Dès l’introduction de son ouvrage L’idée républicaine en France, publié en 1995, Claude Nicolet se demandait déjà si « en français, le mot République a un sens ». Alors que depuis les années 1970 l’histoire des idées politiques a produit dans l’espace anglophone des travaux fondateurs pour analyser la généalogie transnationale de la pensée républicaine (Pocock, 2003, Skinner, 1998), voire pour proposer un néo-républicanisme (Pettit, 1997), jusqu’à se voir introduire en France (Audier, 2015, Spitz, 1995), la mobilisation de ce terme dans l’espace public français fait l’objet d’usages polémiques dans des contextes si variés que le signifiant semble avoir perdu sa propre substance (Moatti et Riot-Sarcey, 2009).
En fonction des conceptions implicites de la citoyenneté qu’il charrie, ce syntagme peut avoir dans le discours politique une double fonction : d’un point de vue idéologique, il permet d’abord d’effacer la position sociale du locuteur tout en faisant appel à la force de l’inconscient collectif, voire à un universalisme qui ferait dans certains cas « fonction de leurre » (Spitz, 2022). De plus, il fait figure de véritable outil de démarcation (Streiff-Fénart, 2009), soit au cœur de la sphère politique face aux groupes ou aux partis qui représenteraient un danger pour l’égalité républicaine, soit vis-à-vis de communautés religieuses ou culturelles perçues comme irrévérencieuses face aux lois de la République, par exemple à travers l’identification entre « séparatisme » et « communautarisme ».
Néanmoins, du fait des longues luttes politiques propres à l’institution du régime républicain en France (Berstein et Ruduelle, 1992), tant du point de vue de son contenu social (Hayat, 2014) que dans le rapport à l’Église (Baubérot, 2015, Portier, 2018), l’éclectisme propre à la notion de « ‘République’ ne saurait se voir réduit à une pure instrumentalisation. Derrière la polysémie du terme se cacherait donc un véritable mythe politique, qui détiendrait sa propre « logique » (Girardet, 1986). Le mythe désigne en effet l’association dynamique d’un signifiant formel à un signifié conceptuel (Barthes, 1957) : le mythe républicain ne peut donc être compris qu’en rapport aux multiples déplacements des significations qu’il a pu revêtir au cours du temps.

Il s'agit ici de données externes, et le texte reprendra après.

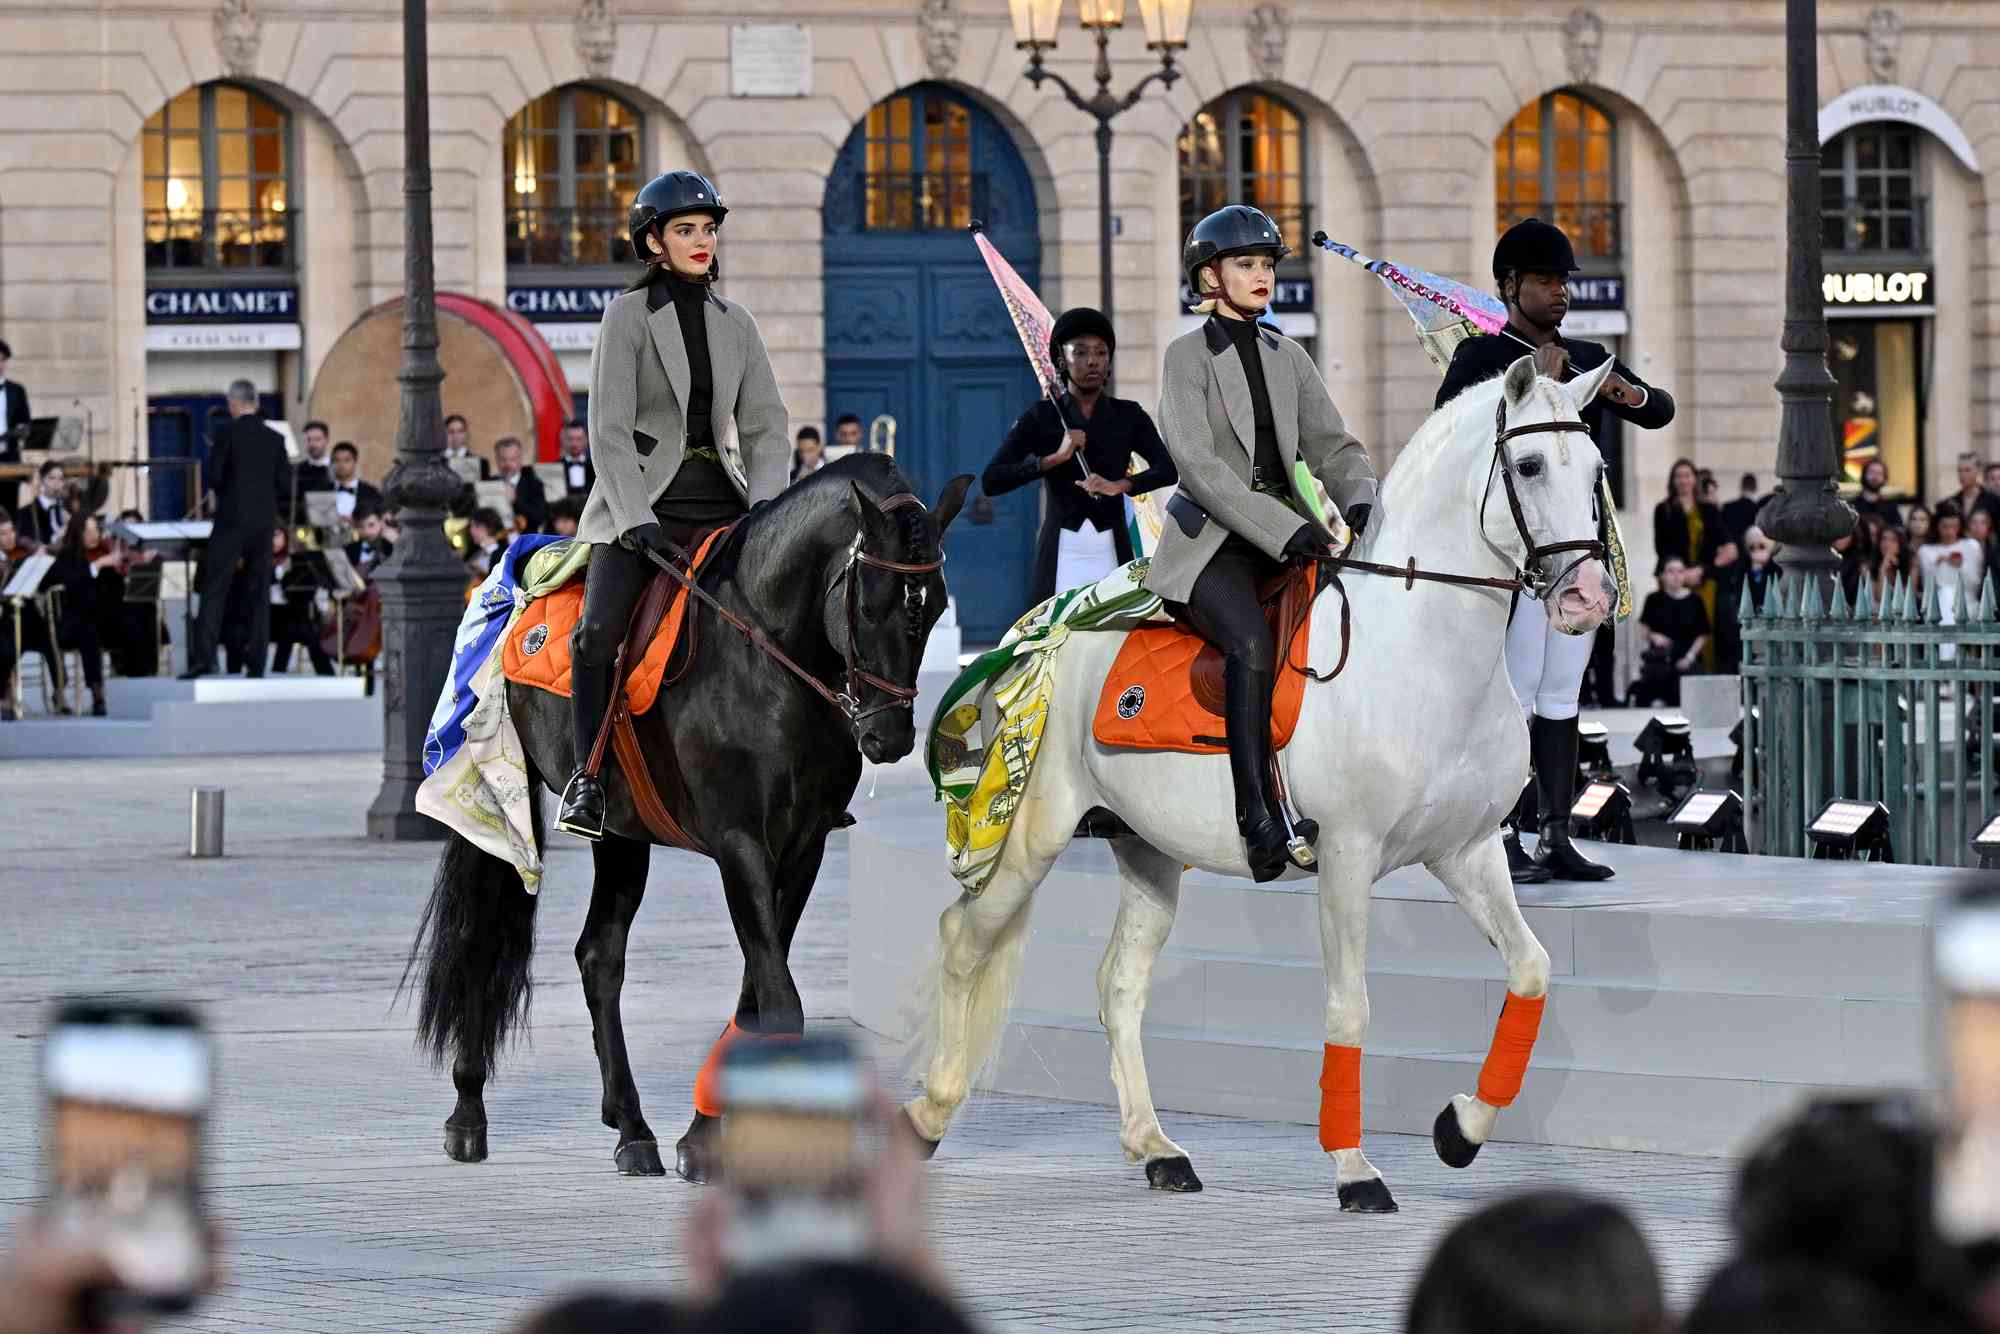 Kendall Jenner and Gigi Hadid ride horses on the runway during Vogue World: Paris at Place Vendome on June 23, 2024 in Paris, France.

Dès lors, il s’agit dans le cadre de cette section thématique de confronter l’histoire longue du républicanisme en France à ses multiples usages contemporains, à partir de différents axes :
1/ Premièrement, il semble crucial d’interroger les possibles déplacements, voire les détournements, du mythe républicain. Quels effets l’ascension électorale des extrêmes droites induit-elle sur les usages du passé républicain en France ? Dans quelle mesure ce dernier, essentiel pour les socialismes français (Crétois et Roza, 2014), est-il encore une arme rhétorique de mobilisation contre les discours nationalistes, identitaires et xénophobes ? Enfin, la crise écologique fragilise-t-elle aujourd’hui les fondements de l’idéal modernisateur de la République (Cornu et al., 2025) ?
2/ En outre, la polysémie inhérente au mythe républicain constitue un moyen de cartographier les conflits politiques. Quelles figures, quels symboles et quels évènements associés à la République font encore foi dans le discours politique contemporain selon le positionnement politique, social et culturel des acteurs ? En quoi ces différents éléments peuvent-ils être l’objet d’appropriation ou de contestation, notamment à la lumière du rapport de la France à son passé colonial (Bancel et al., 2008) ?
3/ Enfin, il conviendra de réfléchir aux effets pratiques du recours au mythe républicain, tant du point de vue du droit que des politiques publiques. Sa mobilisation produit-elle une assimilation entre citoyenneté et nationalité, jusqu’à former un « national-républicanisme » (Balibar, 2001), ou bien peut-elle encore conduire au renforcement des luttes contre les discriminations (Caresche et Pau-Langevin, 2009) ?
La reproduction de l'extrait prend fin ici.